▶ _PROBLEM REQUIREMENTS_
Return exactly the span of lines in the following data that opens with the line containing "Forbes Украина обновил" and closes with the line containing "Череп мозазавра Гоффмана, найденный". Include nothing else.

▶ _DATA_
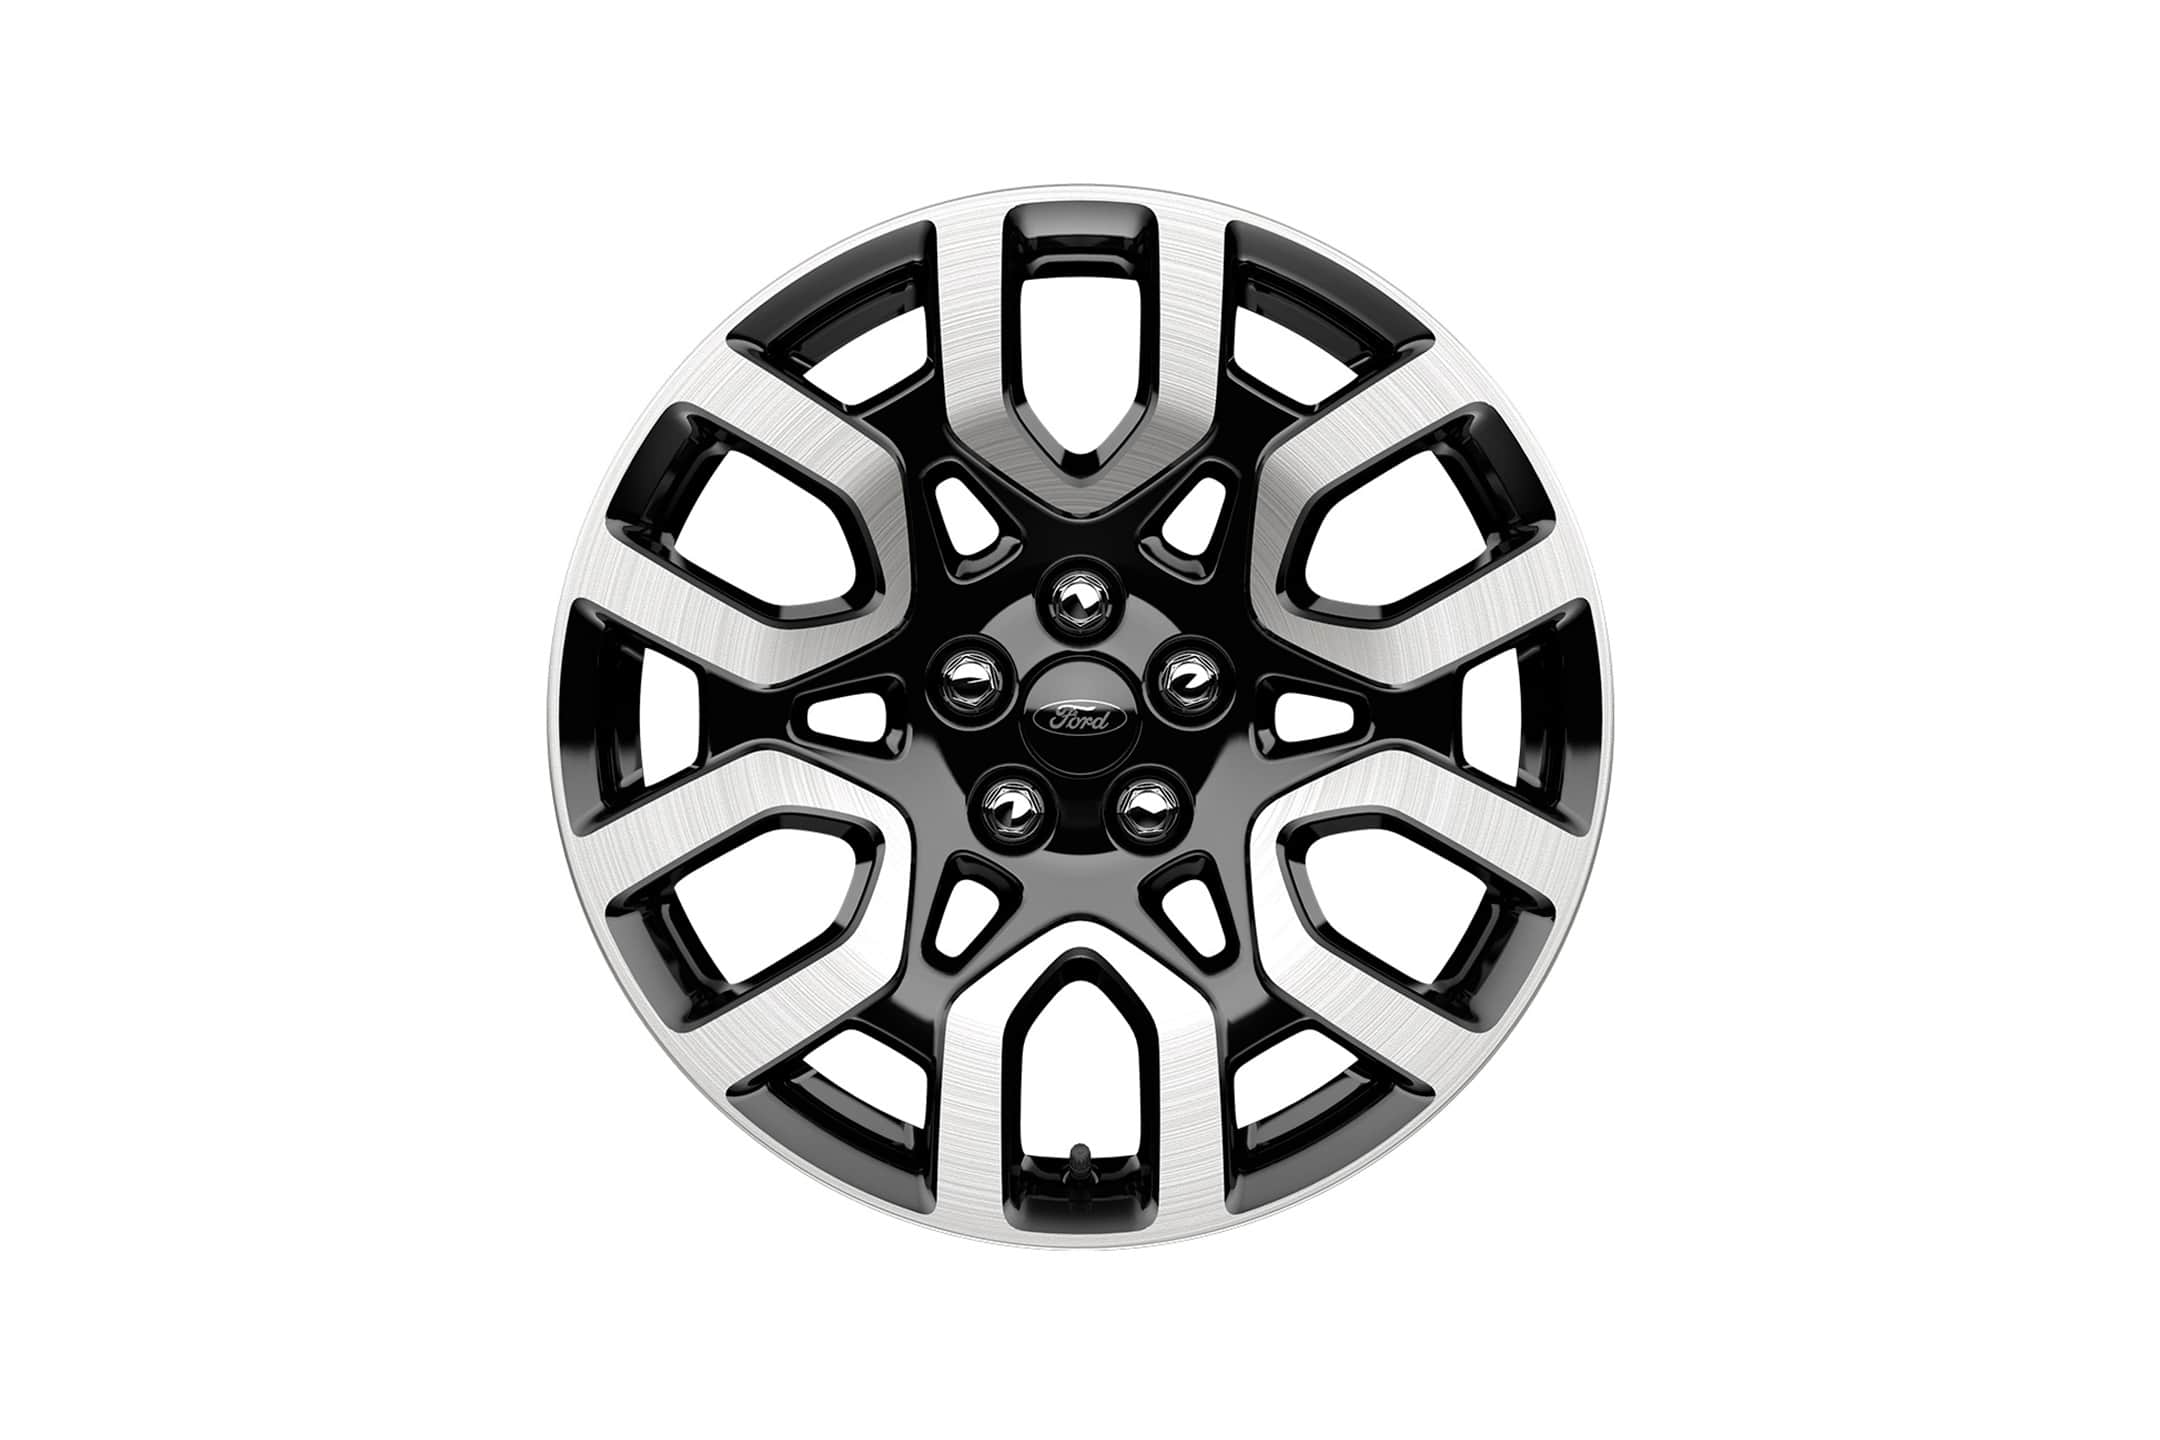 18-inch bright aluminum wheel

==

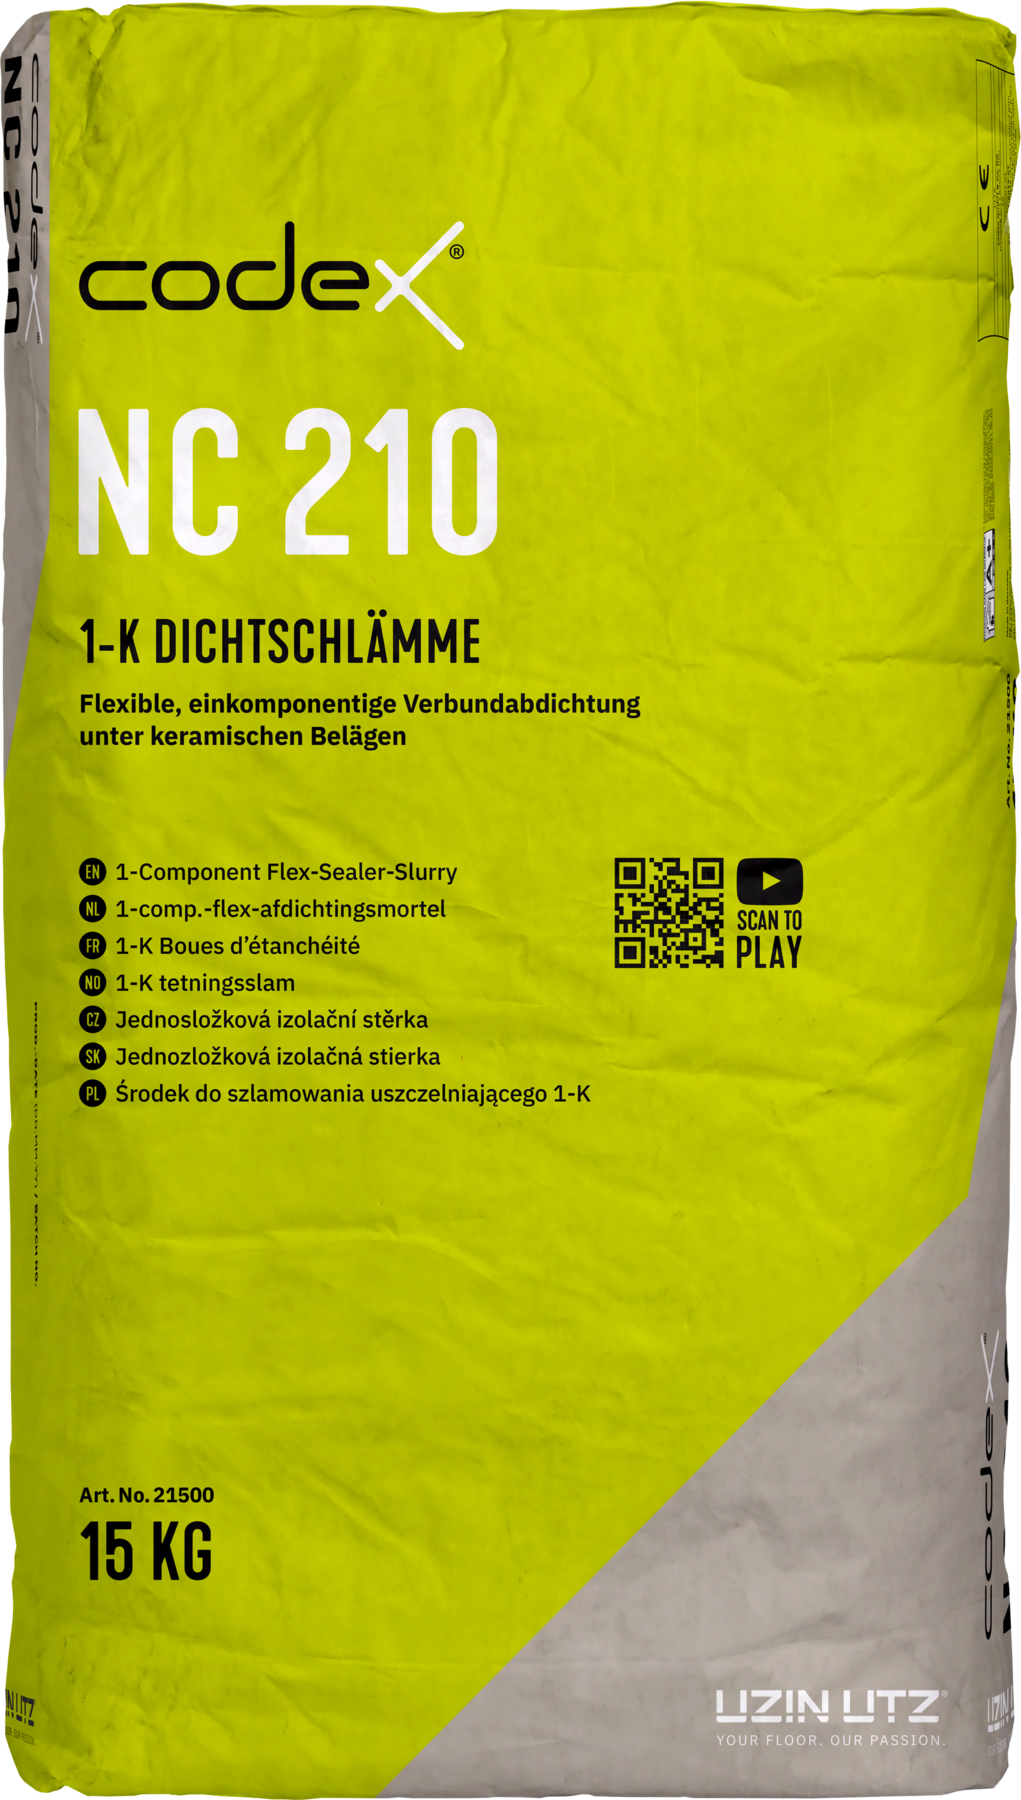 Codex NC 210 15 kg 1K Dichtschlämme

...

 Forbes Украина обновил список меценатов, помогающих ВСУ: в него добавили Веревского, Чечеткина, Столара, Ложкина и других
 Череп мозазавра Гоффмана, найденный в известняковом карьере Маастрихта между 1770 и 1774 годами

▶ _RESPONSE BOX_
 Forbes Украина обновил список меценатов, помогающих ВСУ: в него добавили Веревского, Чечеткина, Столара, Ложкина и других
 Череп мозазавра Гоффмана, найденный в известняковом карьере Маастрихта между 1770 и 1774 годами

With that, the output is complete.